Secretary, Irrigation Department, Government of Orissa v. G.C. Roy, AIR 1992 SC 732: (1992) 1 SCC 508; Executive Engineer, Irrigation, Galimala v. Abnaduta Jena, AIR 1988 SC 1520 Overruled
1. A person deprived of the use of money to which he is legitimately entitled has a right to be compensated for the deprivation, call it by any name. It may be called interest, compensation or damages. This basic consideration is as valid for the period the dispute is pending before the arbitrator as it is for the period prior to the arbitrator entering upon the reference. This is the principle of section 34, C.P.C., and there is no reason or principle to hold otherwise in the case of arbitrator.
2. An arbitrator is an alternative form for resolution of disputes arising between the parties. If so, he must have the power to decide all the disputes or differences arising between the parties. if the arbitrator has no power to award interest pendente lite, the party claiming it would have to approach the Court for that purpose, even though he may have obtained satisfaction in respect of other claims from the arbitrator. This would lead to multiplicity of proceedings.
3. An arbitrator is the creature of an agreement. It is open to the parties to confer upon him such powers and prescribe such procedure for him to follow, as they think fit, so long as they are not opposed to law. (The proviso to section 41 and section 3 of Arbitration Act, illustrate this point). All the same, the agreement must be in conformity with law. The arbitrator must also act and make his award in accordance with the general law of the land and the agreement.
4. Over the years, the English and Indian Courts have acted on the assumption that where the agreement does not prohibit and a party to the reference makes a claim for interest, the arbitrator must have the power to award interest pendente lite. Thawardas Pherumal v. Union of India, AIR 1955 SC 468 has not been followed in the later decisions of this Court. It has been explained and distinguished on the basis that in that case there was no claim for interest but only a claim for unliquidated damages. It has been said repeatedly that observations in the said judgment were not intended to lay down any such absolute or universal rule as they appear to, on first impression. Until Jena’s case, AIR 1988 SC 1520 almost all the Courts in the country had upheld the power of the arbitrator to award interest pendente lite.
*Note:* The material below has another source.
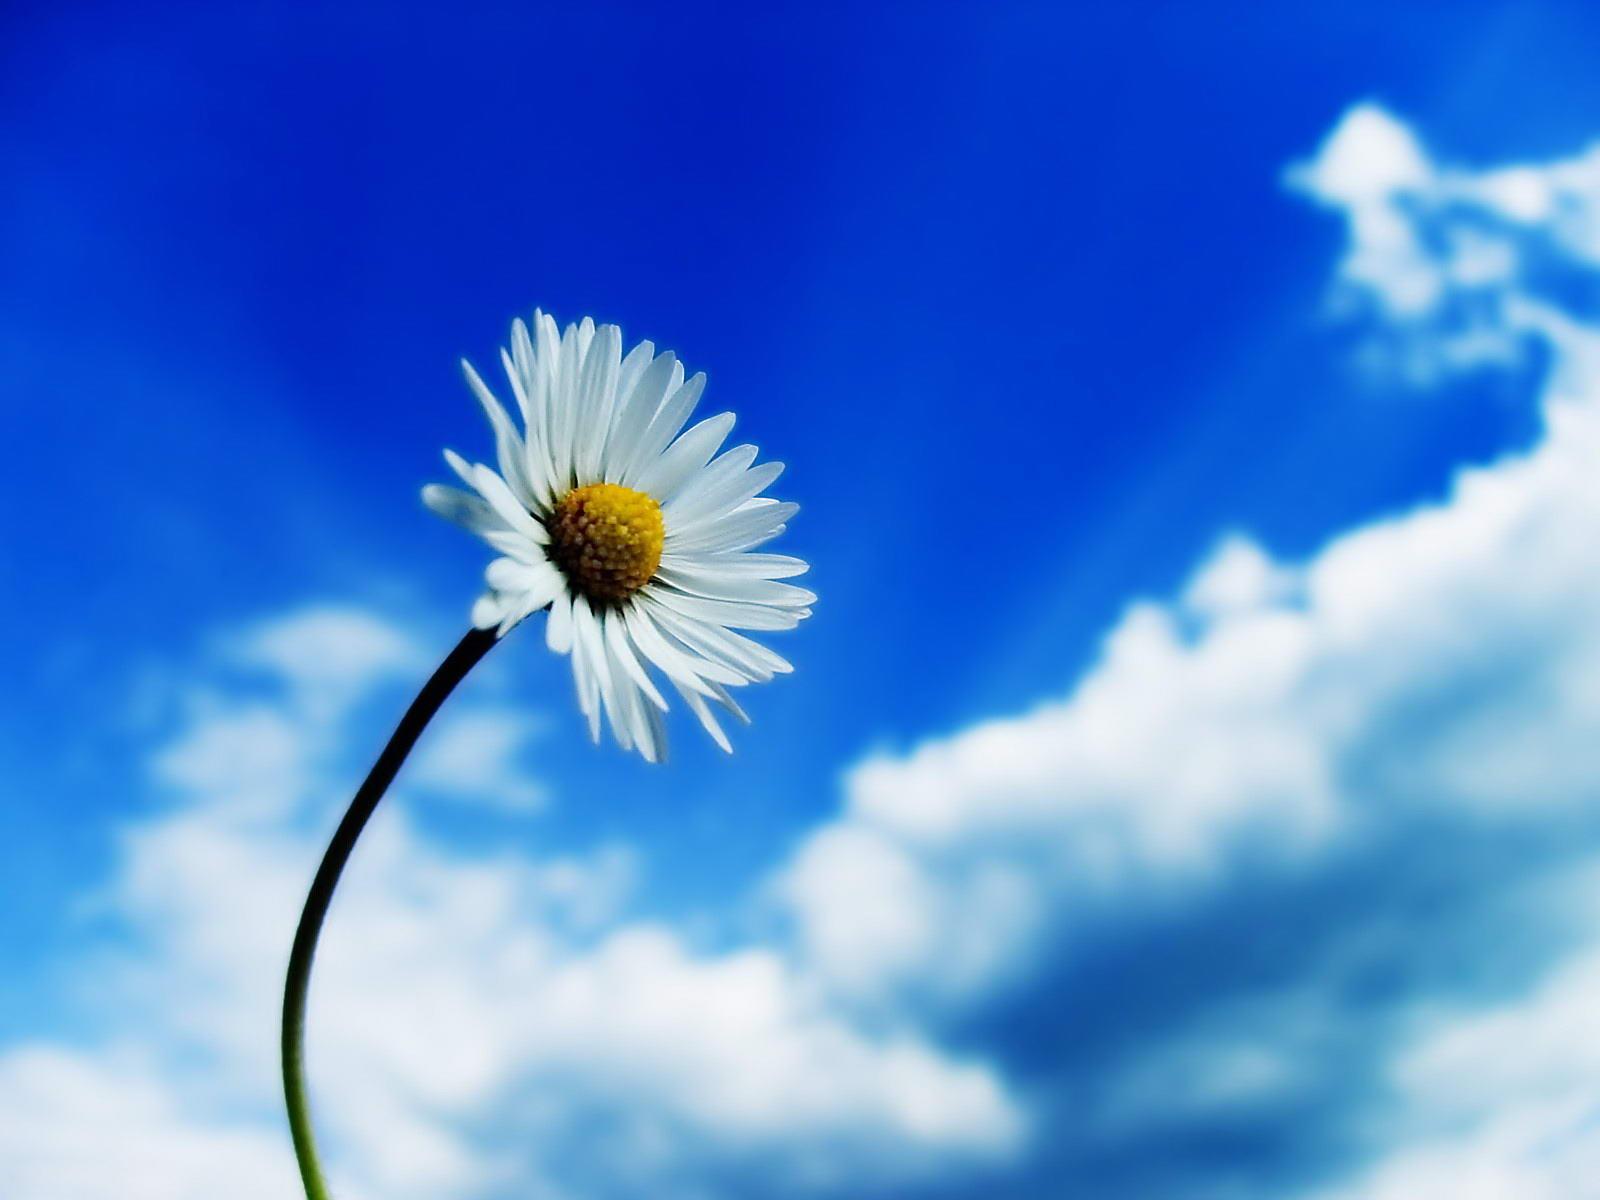 http://1.bp.blogspot.com/-8-IWsi_a-PQ/T4mUTgneagI/AAAAAAAAHs0/V5pHKNkkp6U/s1600/Nature+Wallpaper+0091.jpg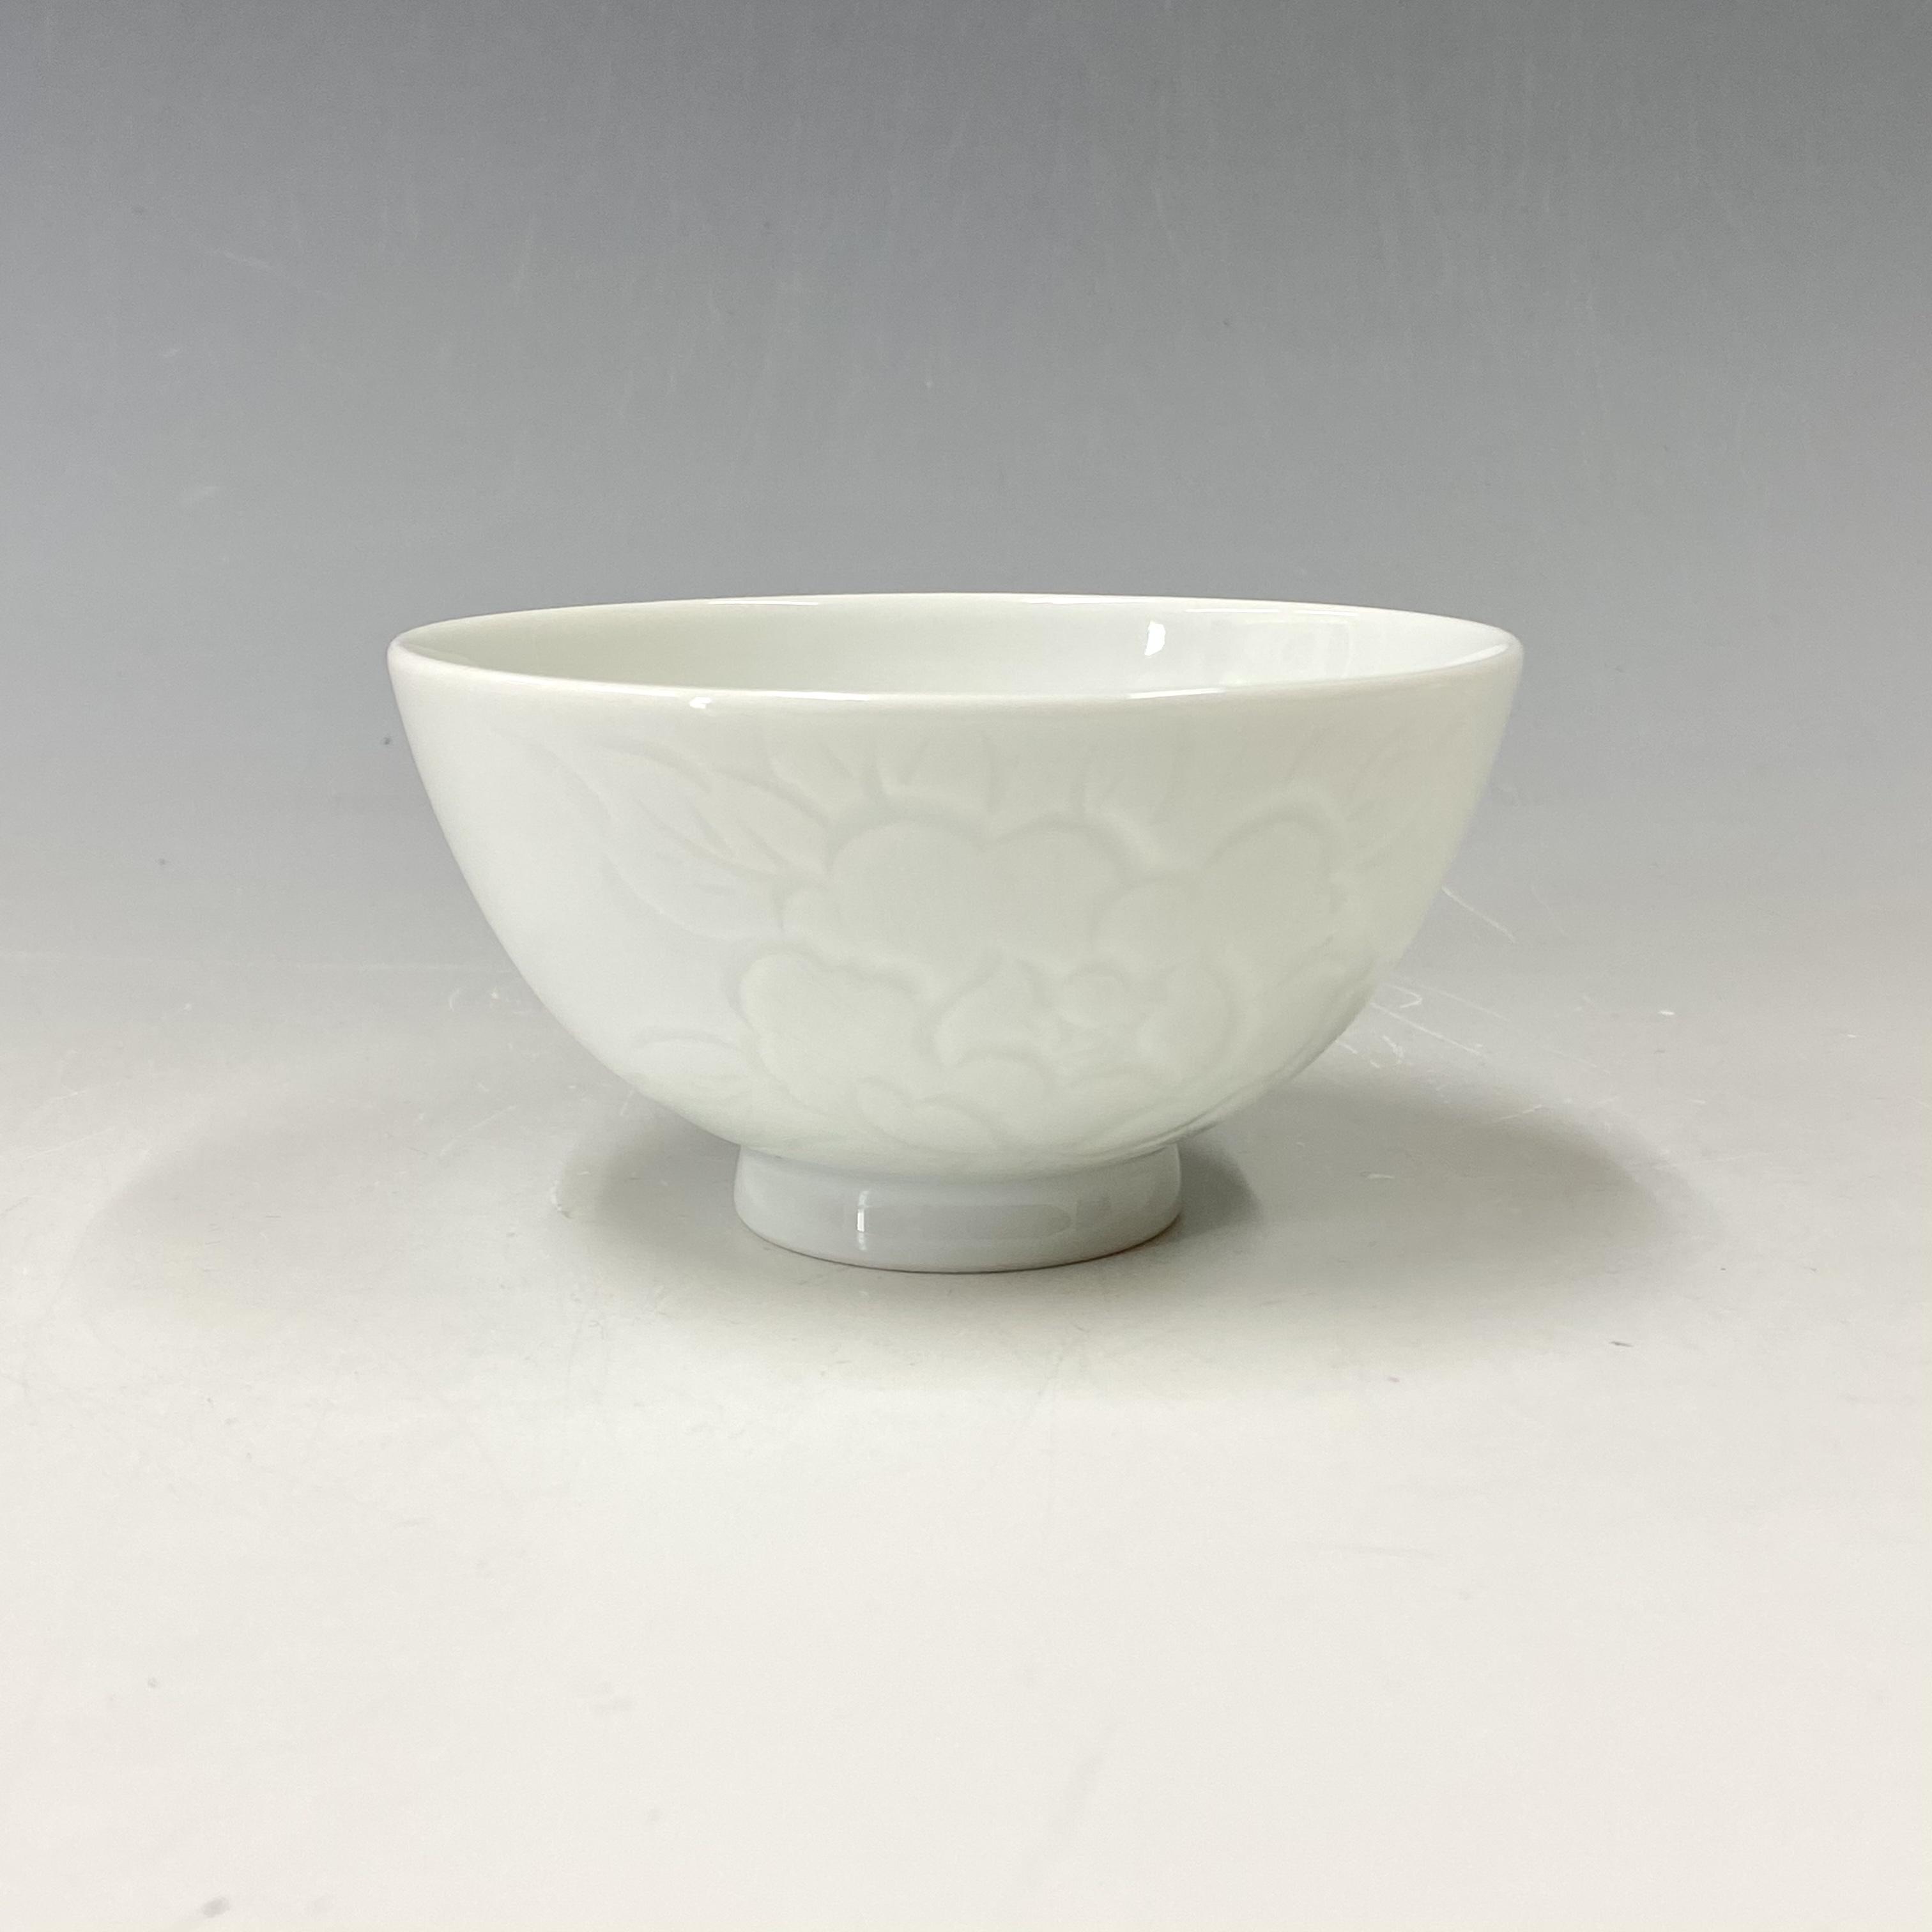 【中尾恭純】白磁牡丹彫茶碗

Continuity and certainty is a highly desirable feature of law.
5. Interest pendente lite is not a matter of substantive law, like interest for the period anterior to reference (pre-reference period). For doing complete justice between the parties, such power has always been inferred.
Having regard to the above considerations, we think that the following is the correct principle which should be followed in this behalf:
Where the agreement between the parties does not prohibit grant of interest and where a party claims interest and that dispute (along with the claim for principal amount or independently) is referred to the arbitrator, he shall have the power to award interest pendente lite. This is for the reason that in such a case it must be presumed that interest was an implied term of the agreement between the parties and therefore when the parties refer all their disputes – or refer the dispute as to interest as such to the arbitrator, he shall have the power to award interest. This does not mean that in every case the arbitrator should necessarily award interest pendente lite. It is a matter within his discretion to be exercised in the light of all the facts and circumstances of the case, keeping the ends of justice in view.
For the reason aforesaid we must hold that the decision in Jena, AIR 1988 SC 1520, insofar as it runs counter to the above proposition, did not lay down correct law.